By the time it ended, my pulse was still racing. Clara appeared at my side, expression unreadable.
“Mr. Taylor requested these be delivered to his desk before you go,” she said, handing me a stack of folders sealed with black wax.
“Wait—those are the restricted ones, right?”
“Exceptions,” she said briskly. “He said you could bring them in.”
I hesitated but knocked lightly on his door. “Sir?”
“Come in.”
His office was enormous. Floor-to-ceiling windows overlooking the city, a massive desk of dark wood, and one lone plant that looked like it feared sunlight.
He stood near the window, his reflection fractured in the glass like two different men.
“Your first day,” he said without turning around. “How’s it treating you?”
“I survived,” I said, forcing a smile.
He looked over his shoulder then, and the faintest hint of amusement touched his mouth. “That’s more than most people manage.”

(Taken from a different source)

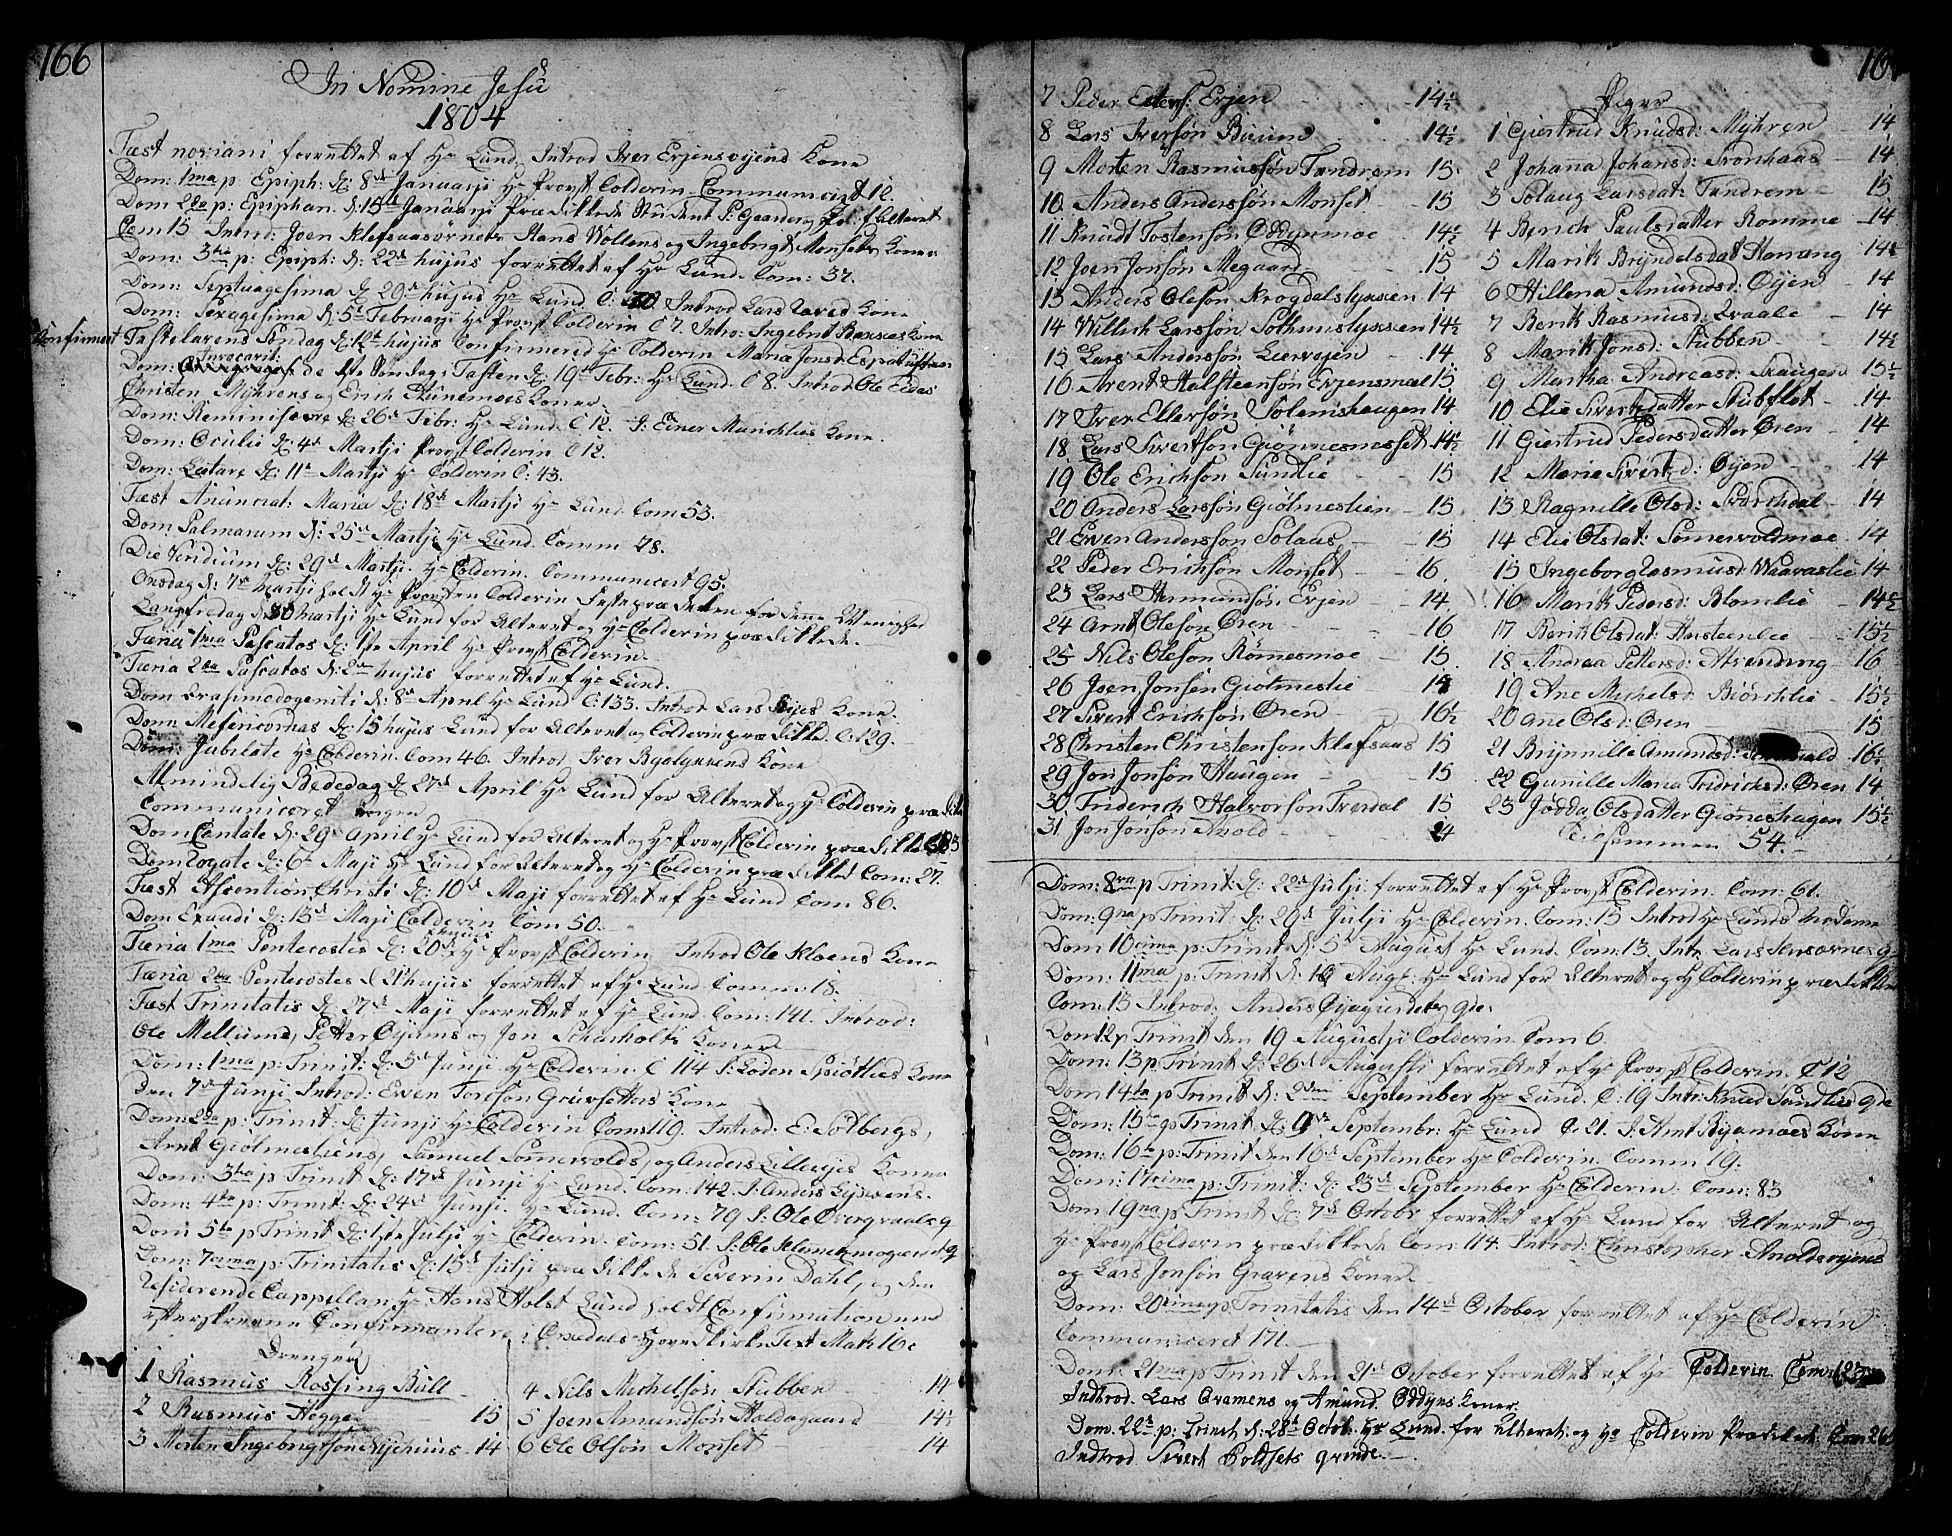 SAT, Ministerialprotokoller, klokkerbøker og fødselsregistre - Sør-Trøndelag, 668/L0815: Klokkerbok nr. 668C04, 1791-1815, s. 166-167

I stepped closer, placing the files on his desk. “Clara mentioned… rules?”
“Did she?” he murmured, walking toward me. His gaze caught mine, steady, unreadable. “And you’ll follow them?”
“Yes, sir. Of course.”
He studied me for a long, quiet moment - long enough for the air between us to thicken. His cologne hit me then: cedar, smoke, and something sharp underneath that made my pulse quicken.
“Good,” he said softly. “Then we’ll get along just fine.”
I nodded, suddenly aware of how close he was standing.
He took a step back, his tone shifting lower, almost intimate. “You’ll leave before sunset, Ms. Moore. The building isn’t safe after dark.”
“Safe?” I repeated. “Like… break-ins?”
His lips curved, but it wasn’t a smile. “Something like that.”
For a moment, neither of us moved. The tension between us was strange - not romantic exactly, but something deeper. Unspoken. Dangerous.
I finally managed, “Are you always this careful with people?”
“Only the ones who make me curious.”
My heart gave a traitorous flutter. I turned toward the door before he could notice.
“Goodnight, Mr. Taylor.”
“Goodnight, Hazel,” he said quietly, using my first name for the first time.
My breath caught. I didn’t look back.
That night, long after I got home, I lay awake replaying his voice, that flash of silver, those rules.
No working after dark.
No black-sealed files.
No west elevator.
Each rule was meant to keep me safe.
So why did they feel like an invitation to break them?